It is otherwise with the second article of the Creed, "I believe in Jesus Christ His only Son our Lord," which expresses doctrines so hotly disputed that they prove the saying true, "This child is set for a sign which shall be spoken against."[029]It is rejected by the Jew and the Mohammedan, and finds opponents in many who profess to accept the Scriptures of the Old and New Testaments as a Divine revelation, and to regard the exemplary life of Jesus as a model to be copied, while they deny His Divine origin, His sacrificial death, and His universal authority.
The early controversies concerning the Second Person of the Trinity were disputes regarding His nature and the relation in which He stands to the Father. Certain heretics affirmed that Jesus was a mere man, selected by God and specially endowed with the gift of His Spirit.

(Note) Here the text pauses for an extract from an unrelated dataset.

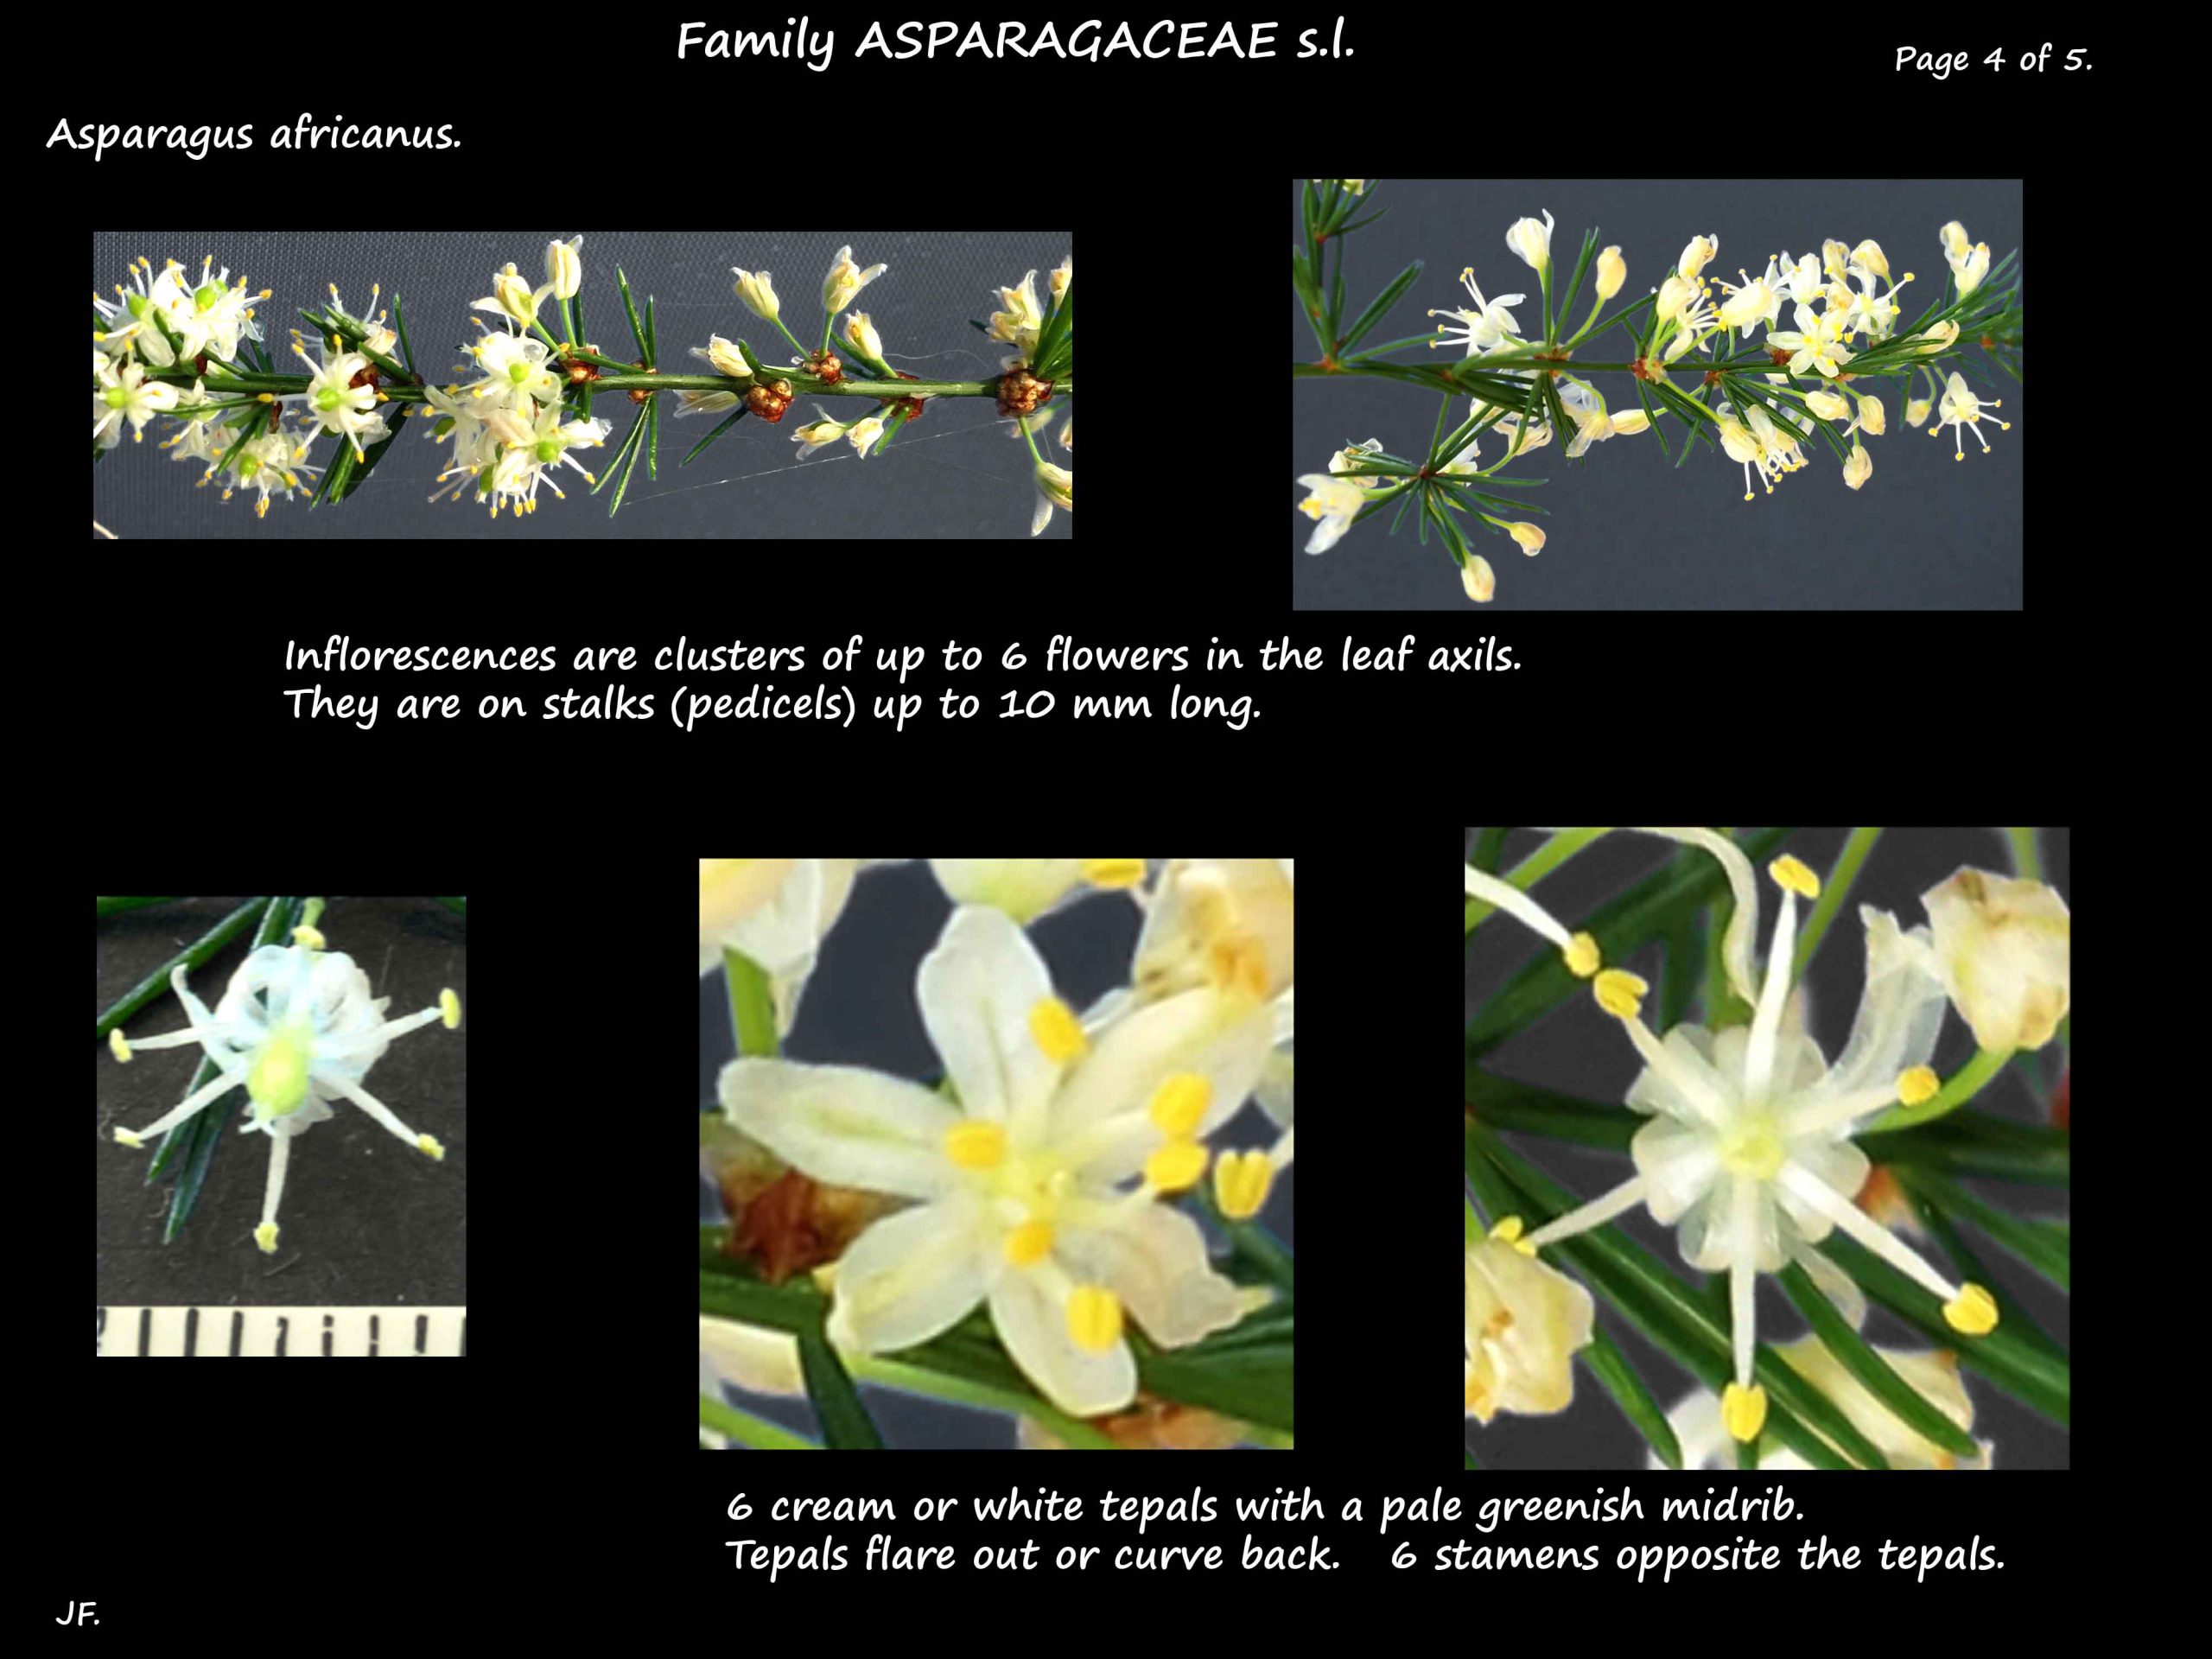 4 Asparagus africanus flowers
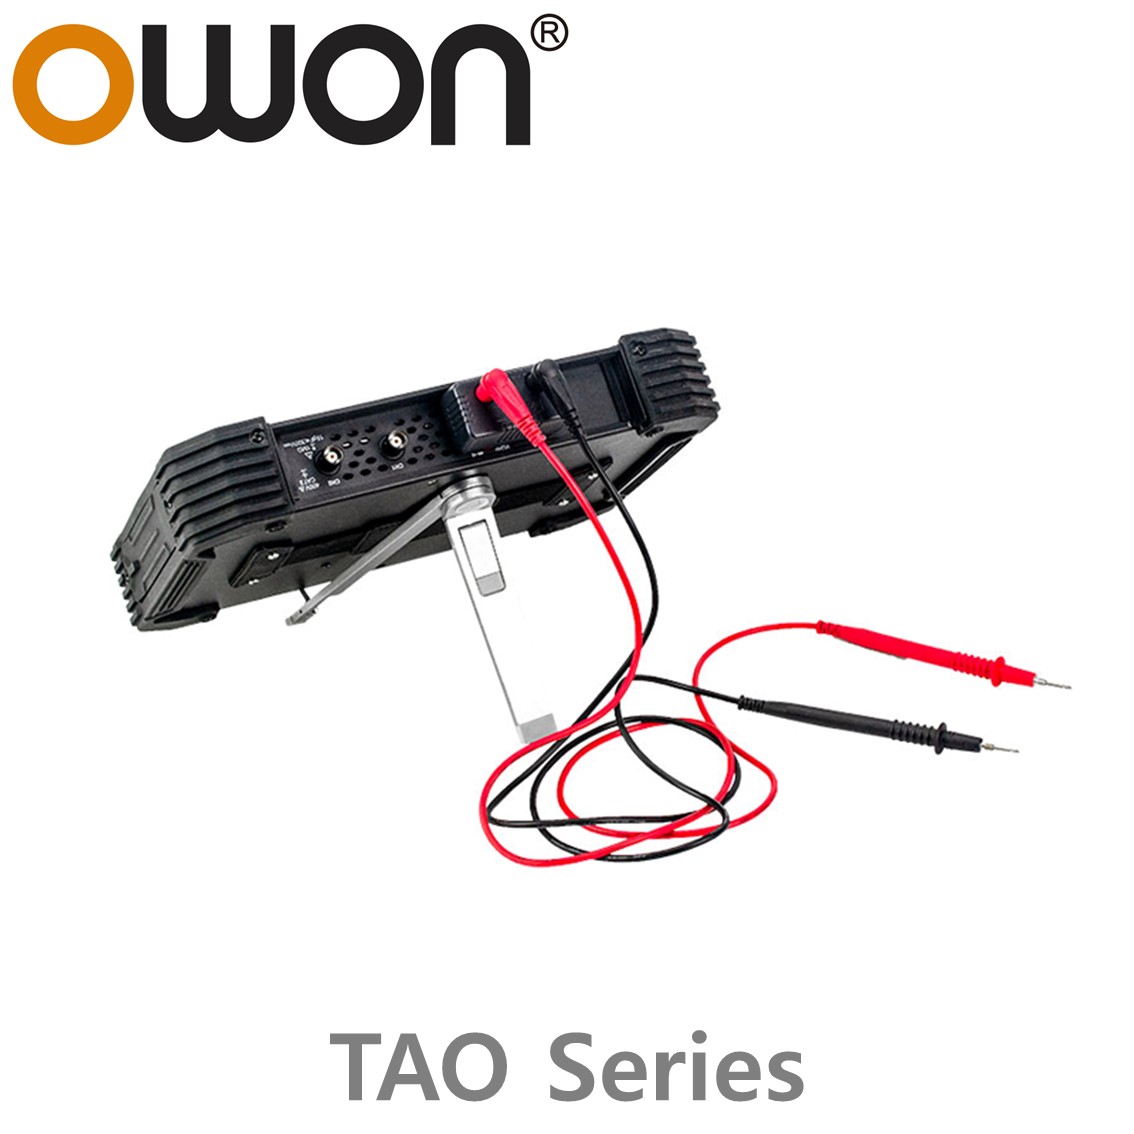 [ OWON ] TAO시리즈 태블릿 오실로스코프 (2~4채널 / 70~120MHz / 1GS/s / 8~14Bit)

Others maintained that Christ was not God, but a created spirit, nearest to the Father in dignity, who took upon Him human nature, and, having finished the work appointed Him on earth, went up again to God the Father. One class, the Ebionites, regarded Him as a being essentially human, though begotten of the Spirit, by whom He was anointed above measure; while another, the Docetae, regarded Him as a Divine Being seemingly bearing human form and united with the man Jesus. These views were finally rejected by the Catholic Church, because they conflicted with the Word of God which affirms the true Divinity of the Son of God, the true humanity of the Son of Man, and the true union of the two natures of God and man in One Person, Jesus Christ.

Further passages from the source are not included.